Southern Company announces upsize and pricing of $1.3 billion in aggregate principal amount of Series 2024A 4.50% Convertible Senior Notes due June 15, 2027

ATLANTA, May 6, 2024 /PRNewswire/ — Southern Company (NYSE: SO) today announced the pricing of $1.3 billion in aggregate principal amount of its Series 2024A 4.50% Convertible Senior Notes due June 15, 2027 (the “Convertible Notes”) in a private placement to qualified institutional buyers pursuant to Rule 144A under the Securities Act of 1933, as amended (the “Securities Act”), reflecting an upsize of $200 million over the previously announced offering size. In addition, Southern Company granted the initial purchasers of the Convertible Notes an option to purchase, for settlement within a period of 13 days from, and including, the date the Convertible Notes are first issued, up to an additional $200 million in aggregate principal amount of the Convertible Notes. The offering is expected to close on May 9, 2024, subject to customary closing conditions.

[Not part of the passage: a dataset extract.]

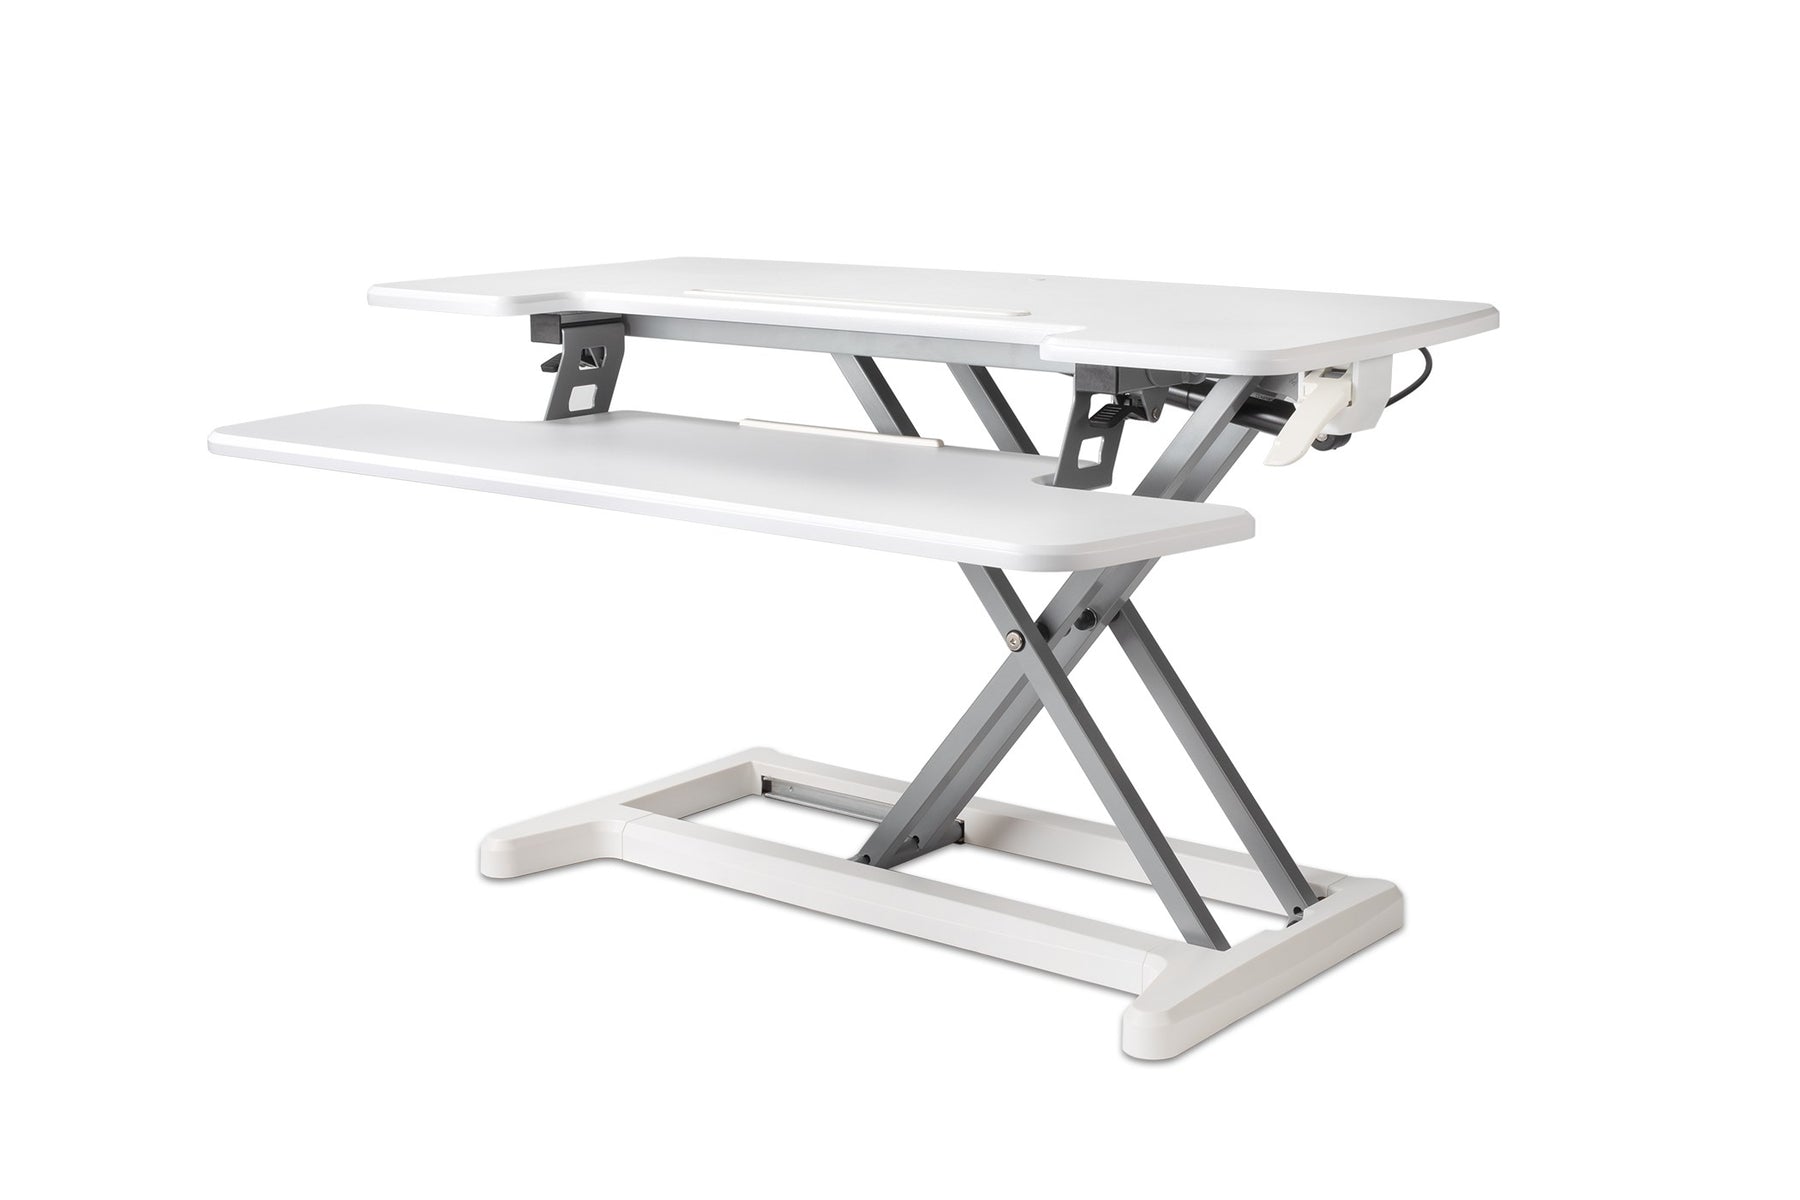 Adjustable Sit-Stand Desk Riser 2, Black
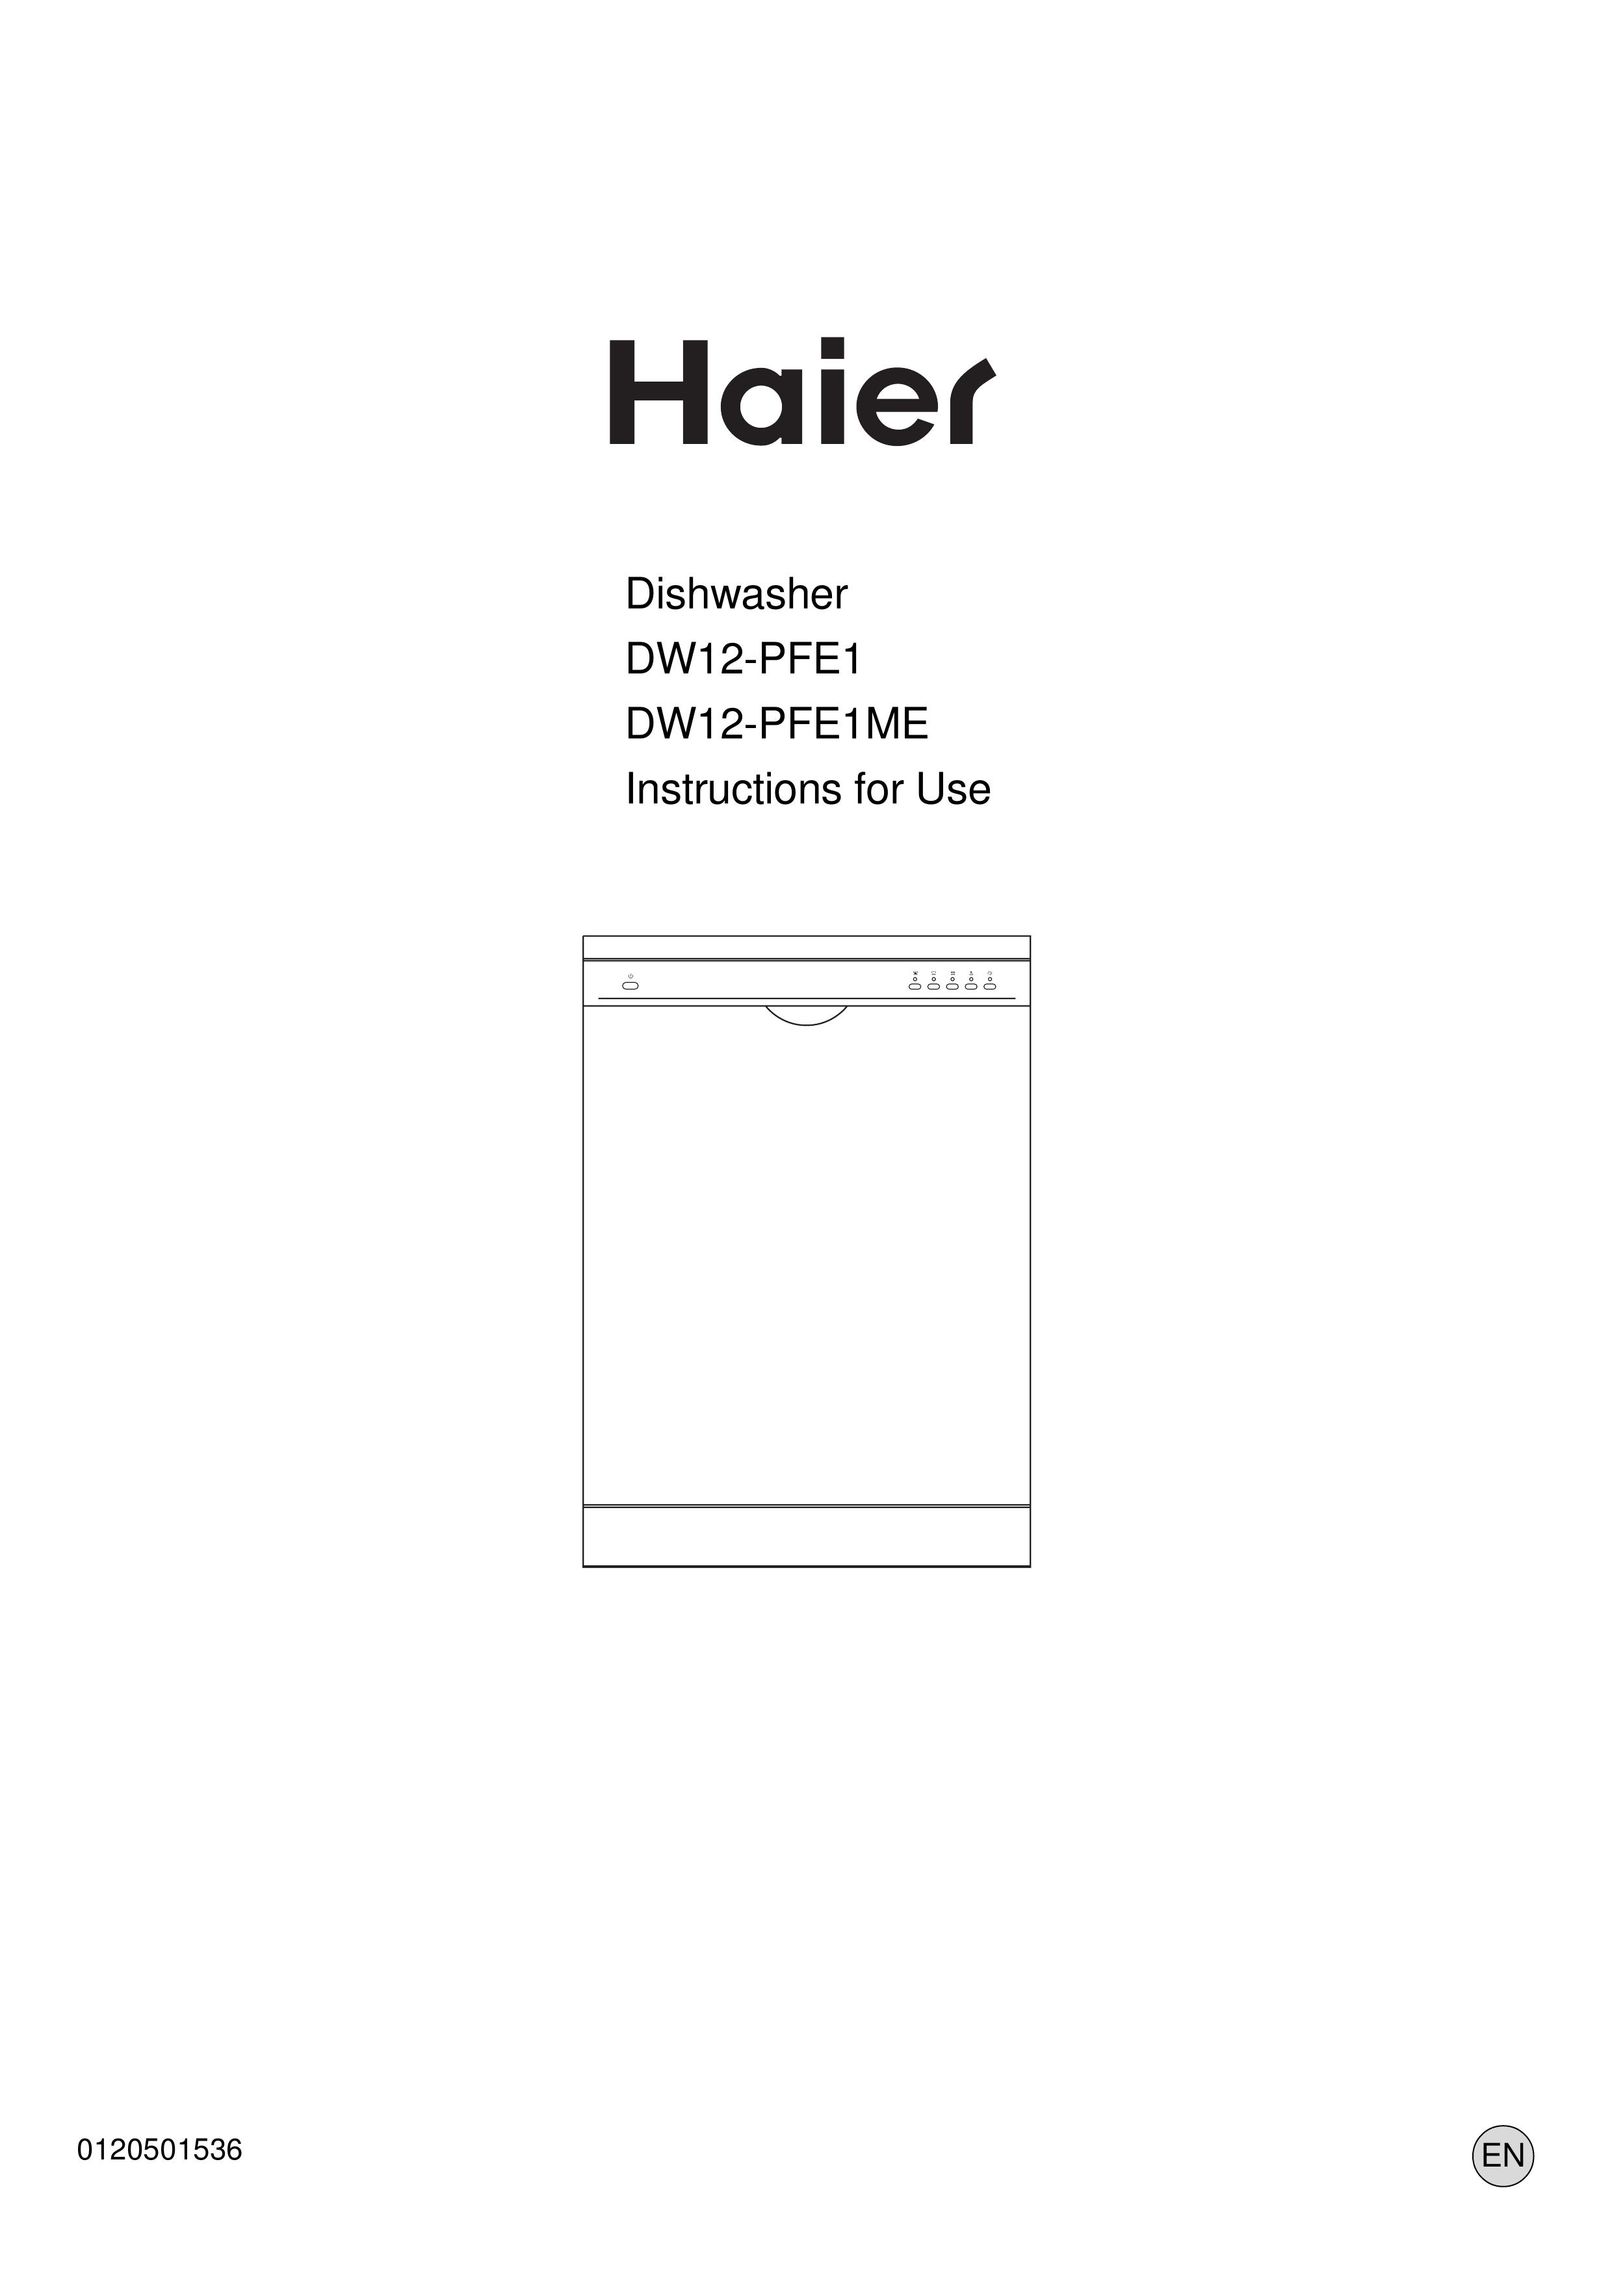 Haier DW12-PFE1ME Dishwasher User Manual

Interest on the Convertible Notes will be paid semiannually at a rate of 4.50% per annum. The Convertible Notes will have an initial conversion rate of 10.8166 shares of Southern Company’s common stock per $1,000 principal amount of the Convertible Notes (which is equal to an initial conversion price of approximately $92.45 per share of common stock), representing an initial conversion premium of approximately 22.50% above the last reported sale price of Southern Company’s common stock on May 6, 2024. The conversion rate is subject to adjustment in certain circumstances. The Convertible Notes will mature on June 15, 2027, unless repurchased or converted in accordance with their terms prior to such date.

Prior to March 15, 2027, the Convertible Notes will be convertible only upon the occurrence of certain events and during certain periods. Thereafter, the Convertible Notes will be convertible at any time until the close of business on the second scheduled trading day immediately preceding the maturity date. Upon conversion, Southern Company will pay cash up to the aggregate principal amount of the Convertible Notes to be converted and pay or deliver, as the case may be, cash, shares of Southern Company’s common stock, or a combination of cash and shares of common stock, at Southern Company’s election, in respect of the remainder, if any, of Southern Company’s conversion obligation in excess of the aggregate principal amount of the Convertible Notes being converted. 

Southern Company intends to use the net proceeds from this offering to repay all or a portion of its outstanding commercial paper borrowings. Southern Company intends to use any remaining proceeds for general corporate purposes, which may include investment in its subsidiaries.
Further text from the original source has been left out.